The political problem with setting up such a scheme would be the temptation to tweak the border adjustment prices to give Australian firms an unfair advantage — a slippery slope back into protectionism. That’s where the WTO comes in — with its oversight, a transparent set of carbon-tax border adjustments could be given a clean bill-of-health to prevent disputes with our trading partners.

The flip-side of this proposal — and the one that Garnaut needs to speak out on more forcefully, and more often — is the subsidy-based approach currently under negotiation with the Labor leadership. As Denniss points out, there are two sides to protectionism — tariffs and subsidies. And Emerson has committed his side of politics to the latter.

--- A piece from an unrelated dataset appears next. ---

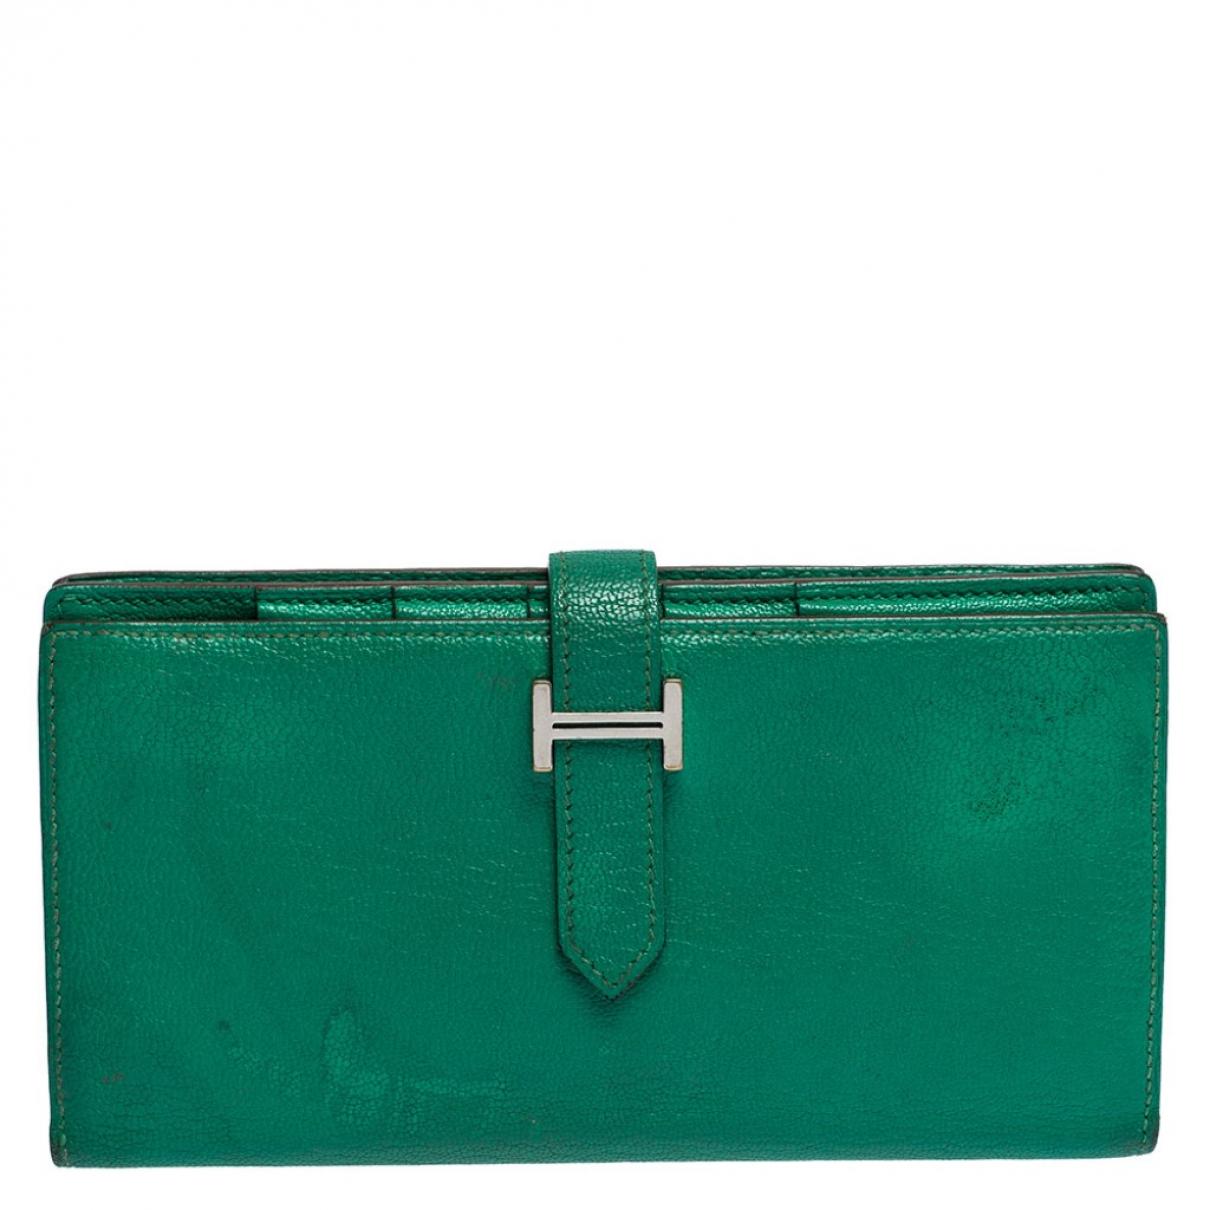 Hermès Béarn Green Leather wallet for Women N

It is not too late to save face and reverse this position. So far, Garnaut has obliquely criticised Labor for its behind-closed-doors negotiations — in his speech to the Press Club last week he criticised the Rudd government’s record on this, saying that during the CPRS negotiations the government was “getting back into a world where favours were negotiated by individual businesses where there weren’t disciplines on the policy process”.

That’s what’s happening today. While it might stick in his craw, Garnaut last week recommended three years of compensation modelled on the pre-lobbying version of the CPRS compensation, then a shift to “principle-based policy” after that.

This is a huge compromise. It does not send the right price signals to major emitters in the short term, but it also raises a longer-term risk — that future governments won’t have the political nerve to unwind the compensation.

Australia’s carbon reduction scheme should be aimed at reducing carbon emissions within our own borders, in the knowledge that failing to do so leaves us unacceptably exposed to future trade sanctions from, in particular, China, the EU and the US.

The beauty of a carbon-tax border adjustment is that is can encourage our economy to shift away from carbon-intensive activity, and harmonise our position with out trading partners’ efforts to do the same, as they arise.

Of course, Kraehe’s other demand — that EITEs be exempted from the carbon tax until formal carbon prices have been set overseas — would become unnecessary if border adjustments were put in place. And nor will it be granted if Labor ploughs ahead with its current compensation plans.

Garnaut is clearly irritated by the current round of EITE negotiations and if he is biting his tongue it’s most likely because he wants to see a market-based mechanism created — he may see the taint of subsidies, that risk becoming entrenched as carbon protectionism when other nations strengthen their carbon pricing efforts, as a necessary evil to achieve that.

But it doesn’t have to be that way. Border adjustments are fair. They are not tariffs. They are not protectionist. And Garnaut should publicly explain this to Labor before we get stuck with compensation payments that in a carbon-constrained trade environment will soon start to look like straight protectionism.